Hermitian matrices have many important properties and applications in mathematics and science. One of the main reasons they are studied is because they have real eigenvalues and orthogonal eigenvectors, making them useful for diagonalization and solving systems of linear equations. They also have applications in quantum mechanics, signal processing, and data analysis.

3. How many eigenvalues does a Hermitian matrix have?

A Hermitian matrix always has the same number of eigenvalues as its size. For example, a 3x3 Hermitian matrix will have 3 eigenvalues, and a 5x5 Hermitian matrix will have 5 eigenvalues. This is because the eigenvalues correspond to the solutions of the characteristic equation, which has the same degree as the matrix.
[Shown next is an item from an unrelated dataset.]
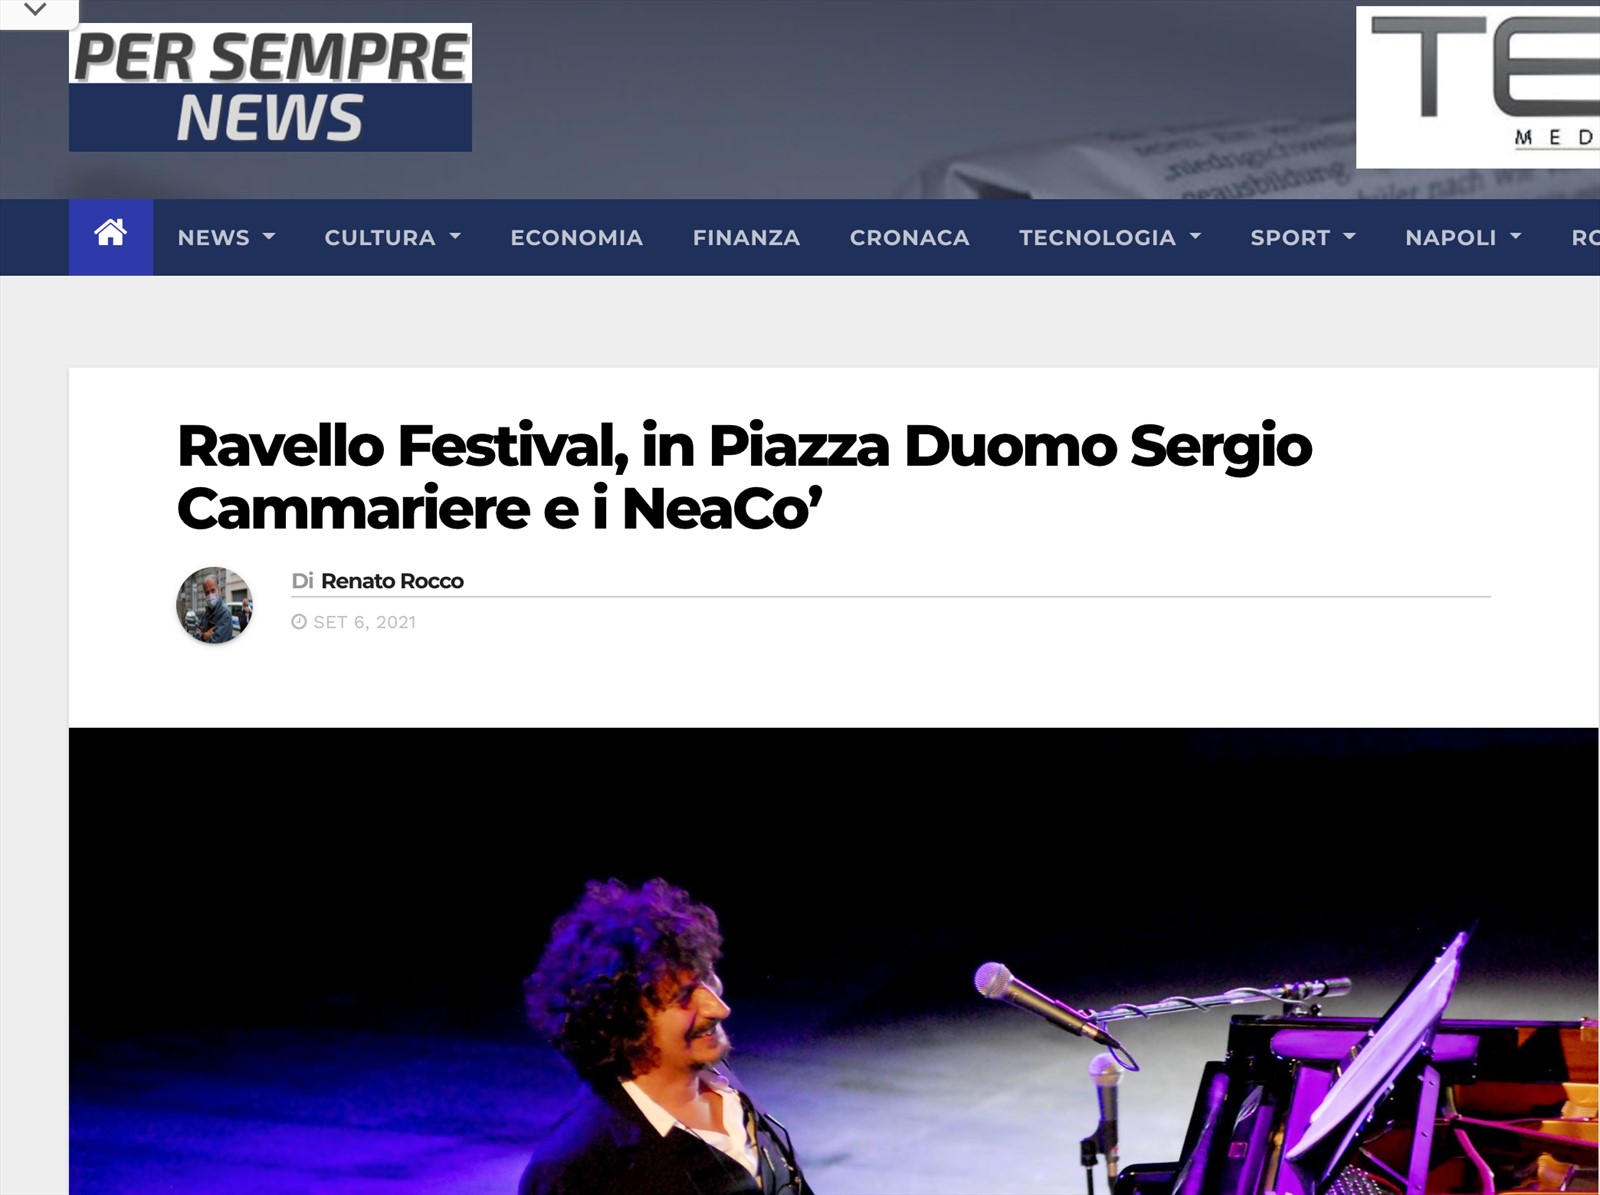 NEACO - STAMPA  - Ravello Festival, in Piazza Duomo Sergio Cammariere e i NeaCo’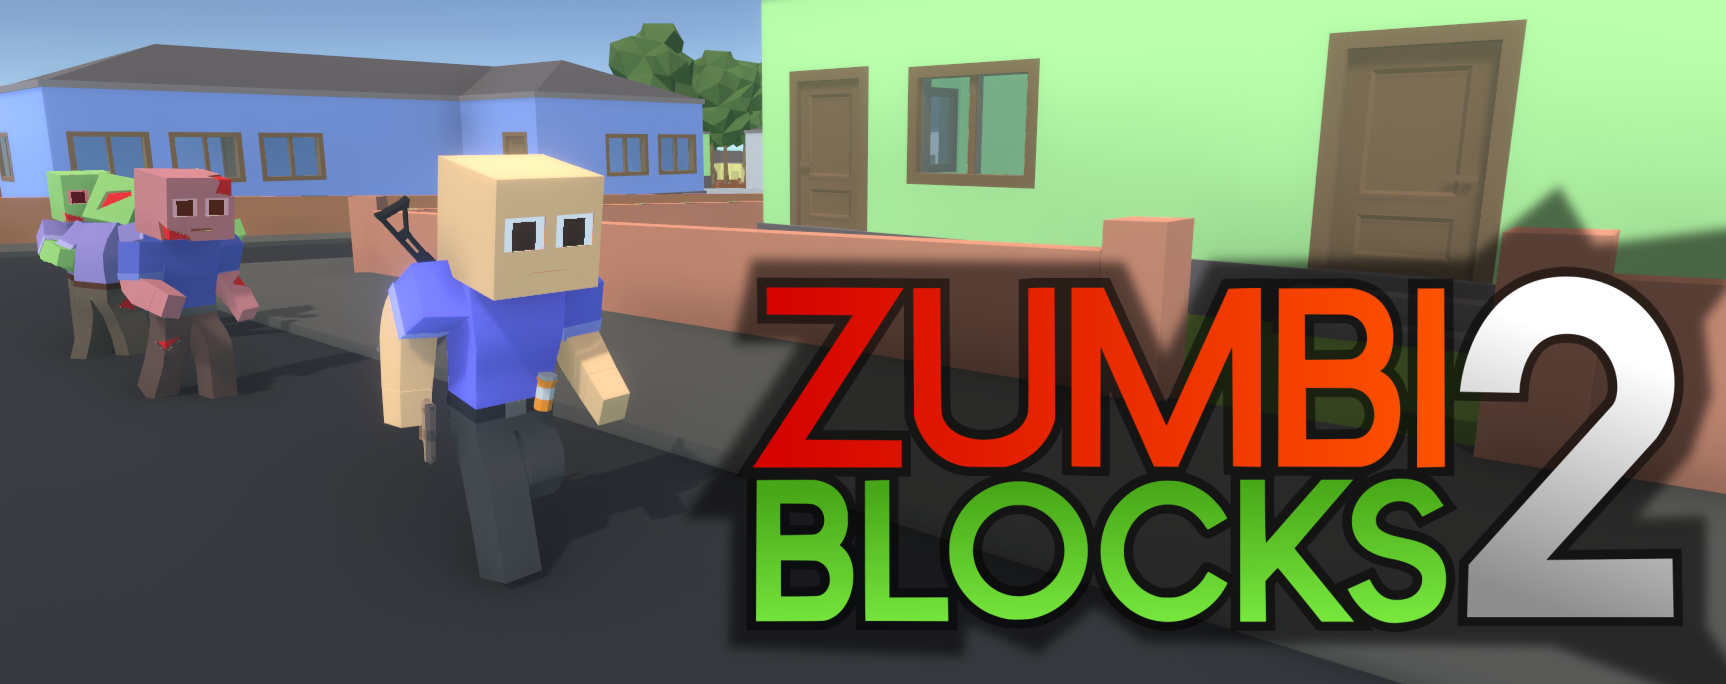 zumbi blocks ultimate 1.0.0

4. Can a Hermitian matrix have complex eigenvalues?

No, a Hermitian matrix can only have real eigenvalues. This is because the eigenvalues of a Hermitian matrix are the same as the eigenvalues of its conjugate transpose, and the eigenvalues of a conjugate transpose are the complex conjugates of the eigenvalues of the original matrix. Since a Hermitian matrix is equal to its own conjugate transpose, its eigenvalues must be equal to their complex conjugates, making them real.

5. How can I determine the number of eigenvalues of a Hermitian matrix?

To determine the number of eigenvalues of a Hermitian matrix, you can simply count the number of entries in the matrix. Alternatively, you can use the characteristic equation to find the eigenvalues, as the degree of the equation will give you the number of eigenvalues. Additionally, you can use properties of Hermitian matrices, such as the fact that they have real eigenvalues, to determine the number of eigenvalues without explicitly finding them.